Suppose that this is indeed the case. Even then, I believe the current argument does not go through, as premise 2 seems to be false. To bring this out, it should be noted that even in the country where the use of cross-racial make-up as part of personal costumes appears to be the most controversial, namely the United States, its use is not (almost) universally deemed to be disrespectful. One piece of evidence for this is offered by a 2013 YouGov poll that found that 43% of adult Americans think that it is acceptable for a white person to “wear blackface makeup in order to appear as a black person for Halloween” (21% among black Americans) against 37% who think that this is unacceptable (68% among black Americans) and 20% who are unsure (11% among black Americans).36 Although already substantial, had the pollsters used the term “black make-up” rather than “blackface make-up,” this percentage would likely have been higher still, given that the latter term has strongly negative connotations due to its association with black minstrelsy. More recently, a 2019 poll by the Pew Research Center found that 34% of adult Americans believe that “a white person using makeup to darken their skin so they appear to be a different race as part of a Halloween costume” is at least sometimes acceptable,37 while a poll by YouGov and The Economist from the same year reported that 42% of adult Americans believe either that it is at least sometimes justified to “wear blackface make-up” or are unsure about this.38 (Whereas no questions were asked about the use of other types of cross-racial make-up, the fact that black make-up is the most contentious suggests that these rates can be expected to be higher still, providing further support for the notion that even in the United States, the use of cross-racial make-up for personal costumes is not close to being universally considered disrespectful.)
2.3. Sheer Offense
A third objection maintains that the use of cross-racial make-up for personal costumes is morally indefensible because it offends some people even if such offense is not ubiquitous (see Section 2.2). By this, I mean that being exposed to cross-racial make-up causes them to experience negative mental states such as shock, annoyance, or anger.39 Although few, if any, scholars hold that the sheer offense caused by the use of cross-racial make-up as part of personal costumes renders such uses wrong, it is instructive to start considering why this objection fails in order to understand the motivations behind the more complex—and I believe more plausible—offense objections discussed later.

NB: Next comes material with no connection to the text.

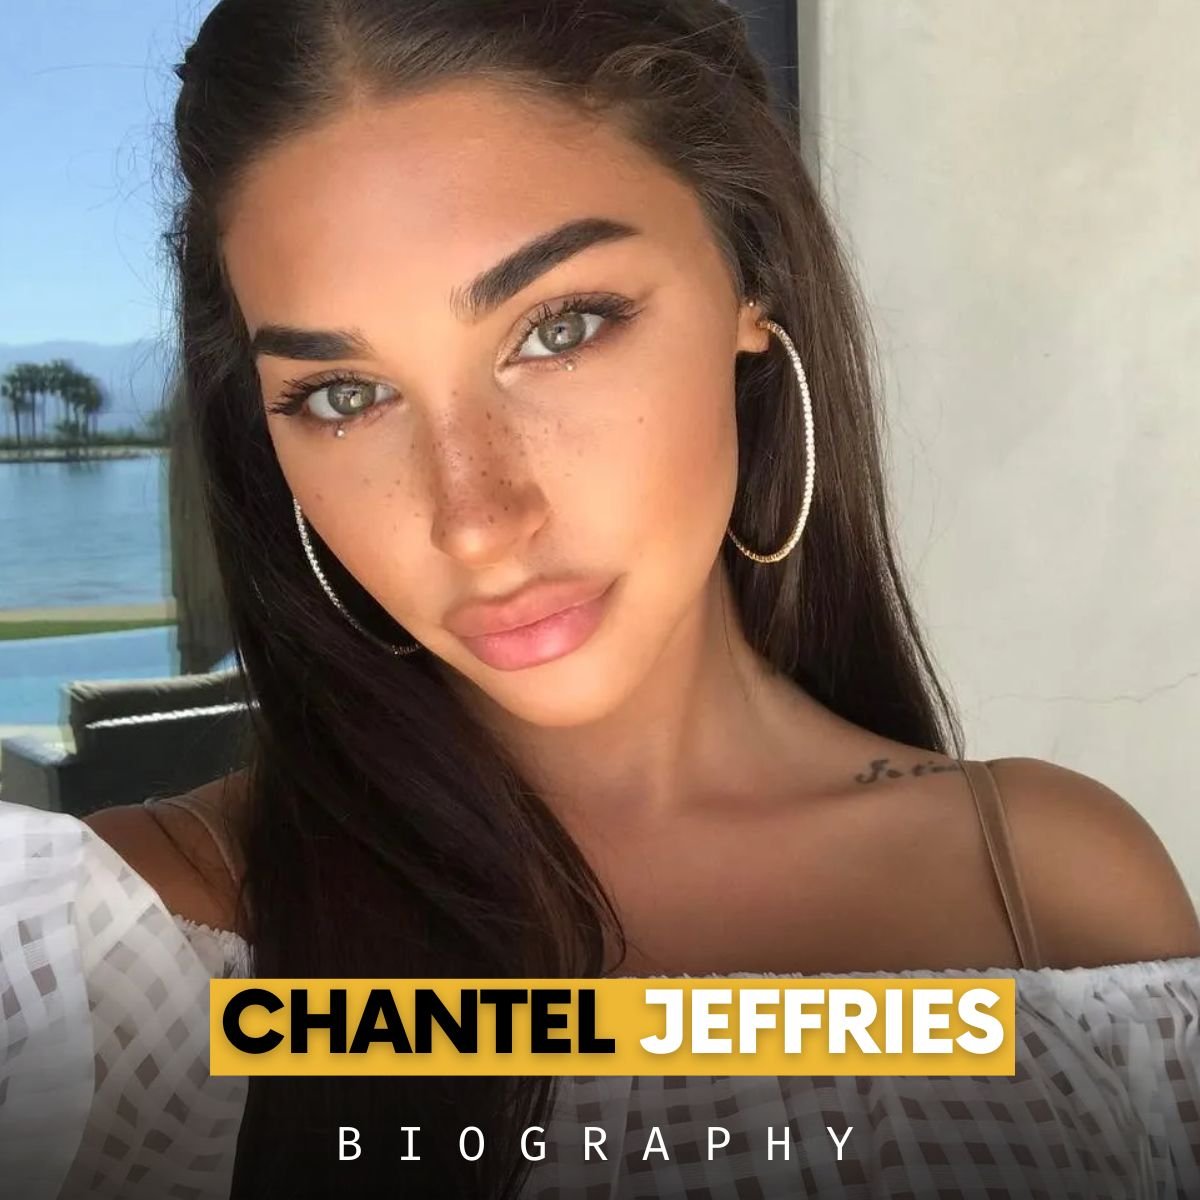 Chantel Jeffries biography
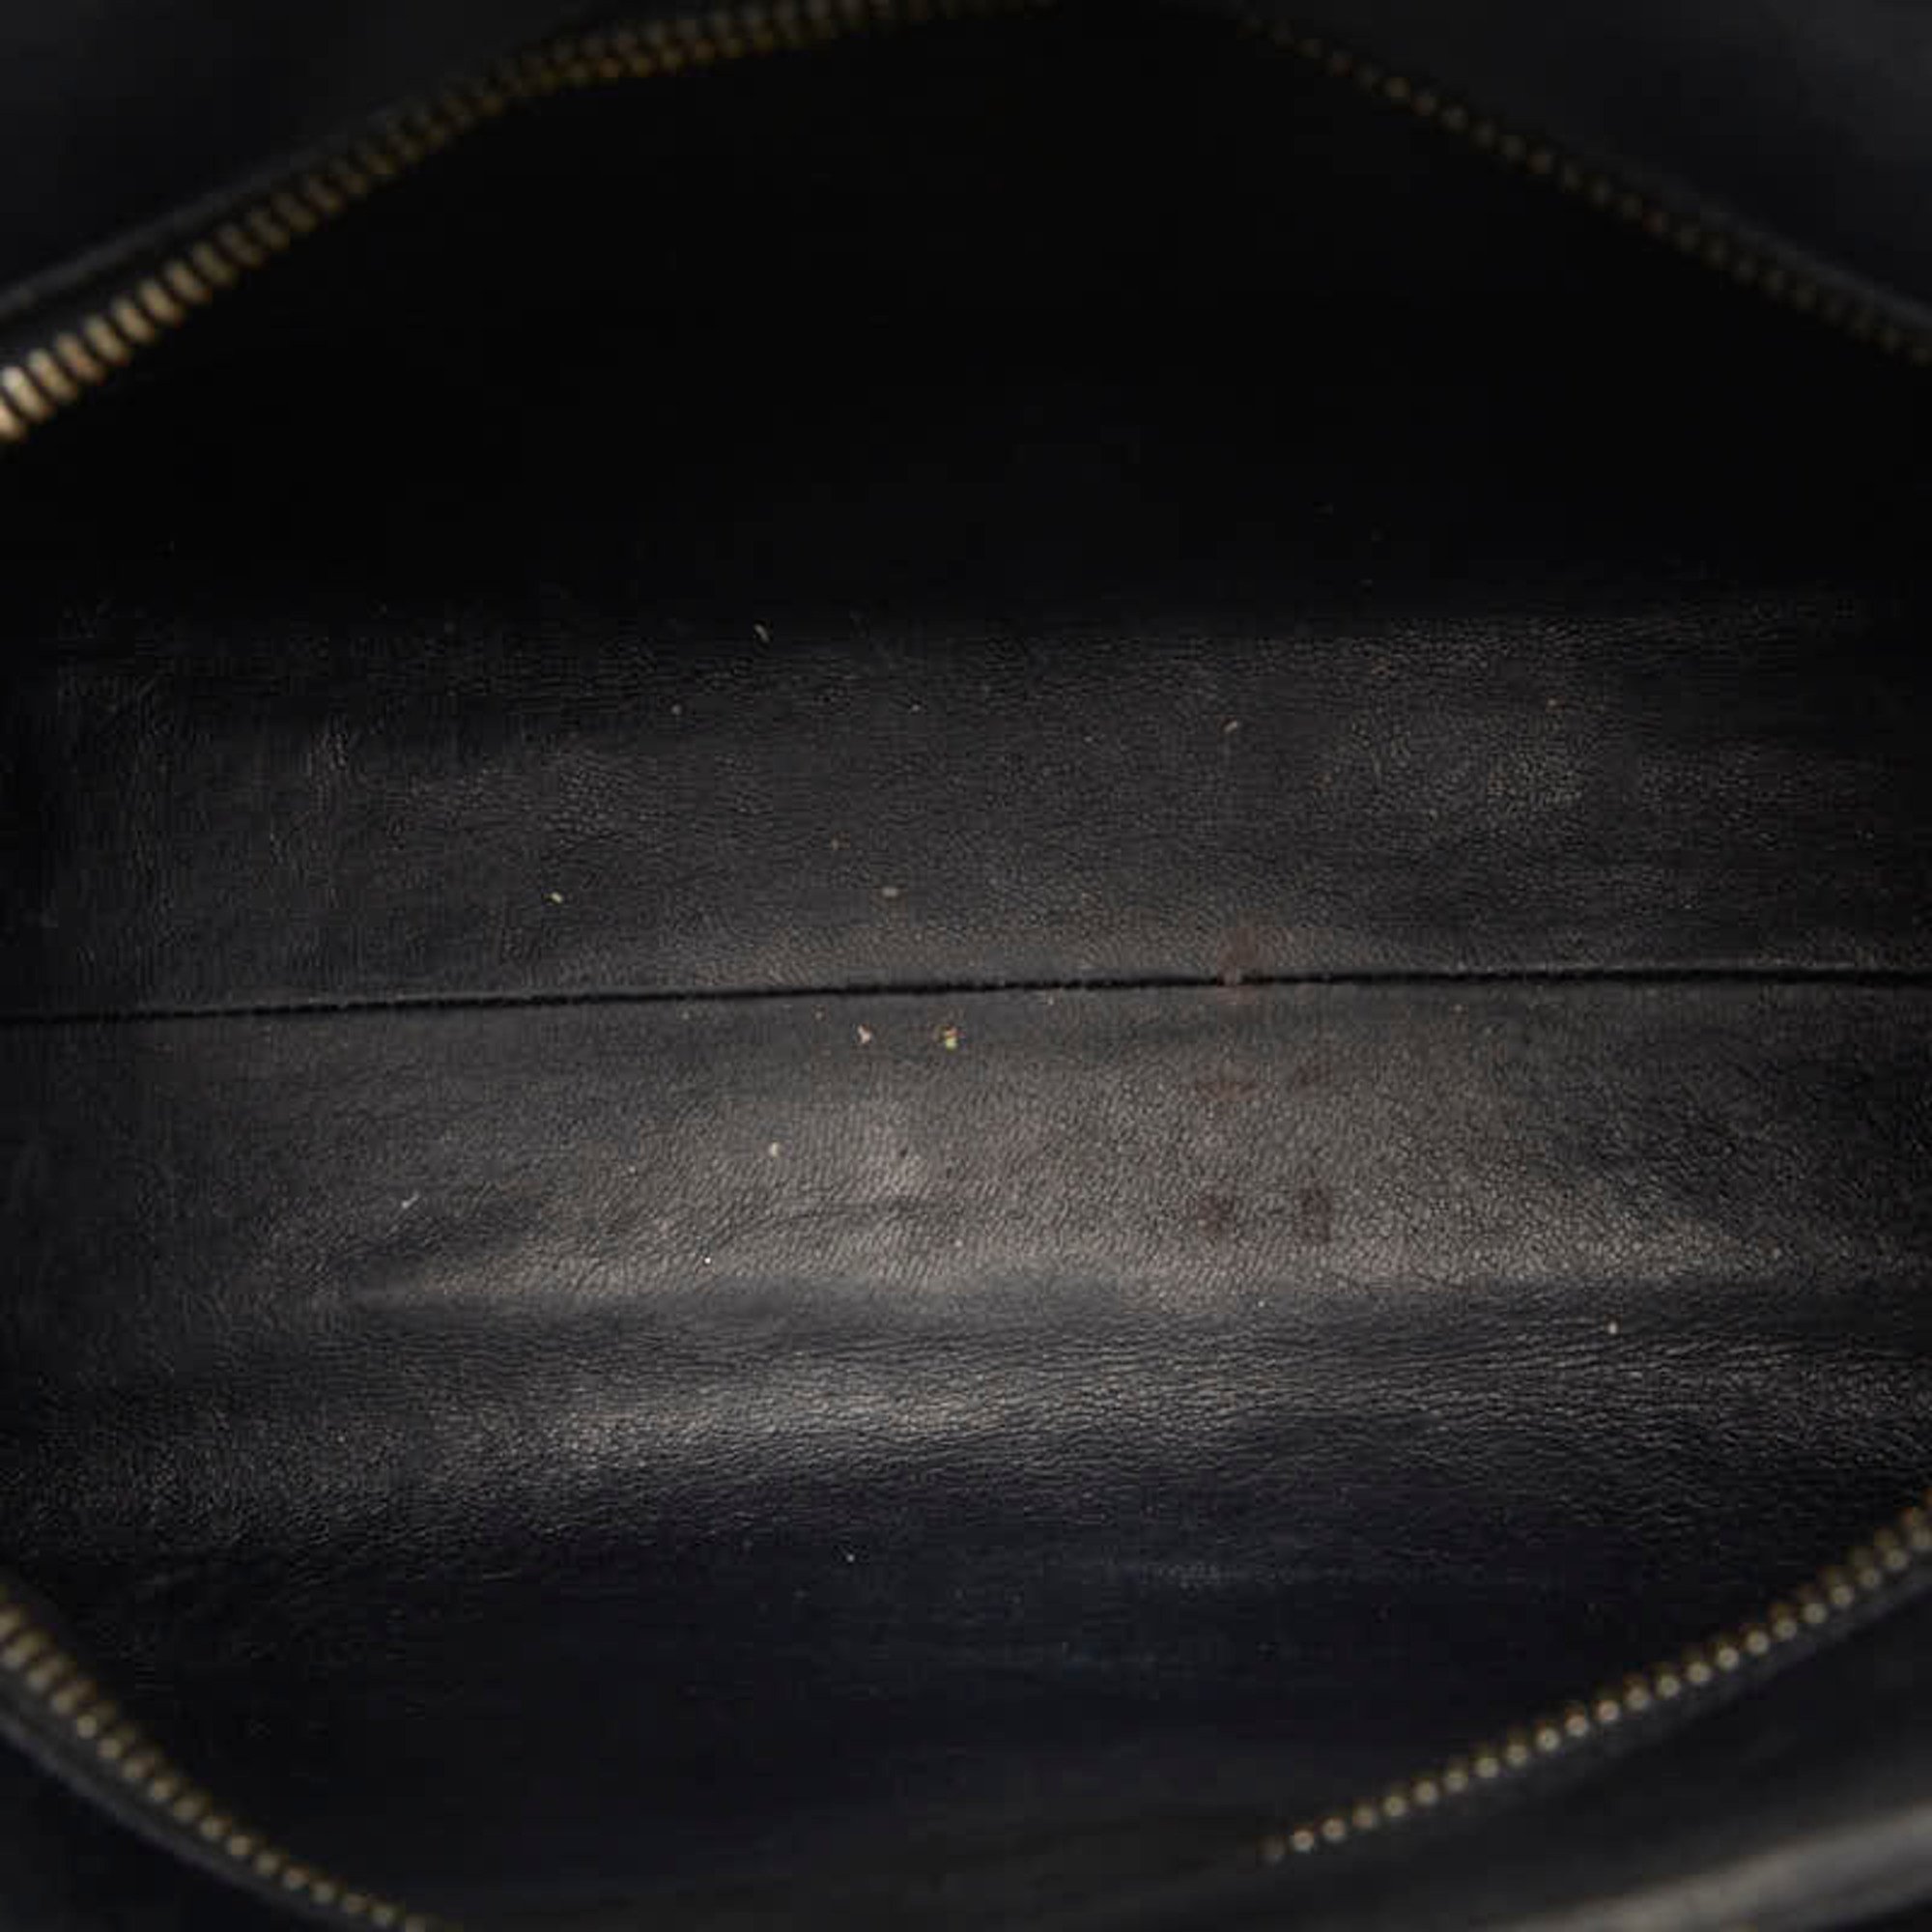 Saint Laurent Baby Cabas Handbag Shoulder Bag 472466 Black Leather Women's SAINT LAURENT

The most straightforward way of demonstrating the untenability of the sheer offense objection is to draw attention to its counterintuitive implications. Consider a society in which a highly religious segment of the population is offended by homosexual couples holding hands. In this case, people’s offense does not seem to generate even pro tanto reason against the behavior that is causing the offense. Similarly, for racist inhabitants of a society to be offended by interracial marriages does not appear to generate any reasons for people to refrain from marrying someone from a different racial background regardless of how widespread the relevant offense is. In both cases, the reason is that people’s offense is mediated by beliefs that are both false and morally objectionable—i.e., homophobic and racist—for which, it seems, we cannot reasonably expect others to absorb the costs by protecting their holders from any offense that these beliefs make possible. This is true especially of those wrongfully targeted by them; while the existence of said beliefs can already be understood to visit a dignity-harm on these individuals, expecting them to alter their behavior so as not to offend those who hold them would add insult to injury.40 However, if this is correct, then simply pointing out that some people are offended by certain practices, including the use of cross-racial make-up for personal costumes, cannot be enough to show that these practices are morally unjustified.
2.4. Innocent Offense
In response, and this brings us to a fourth objection, critics of the use of cross-racial make-up for personal costumes might concede this but argue that contrary to the types of offense just mentioned, any offense caused by this practice is morally innocent in that it is not mediated by morally objectionable beliefs, which they may say is sufficient to render it wrong. Call this the “innocent offense objection.”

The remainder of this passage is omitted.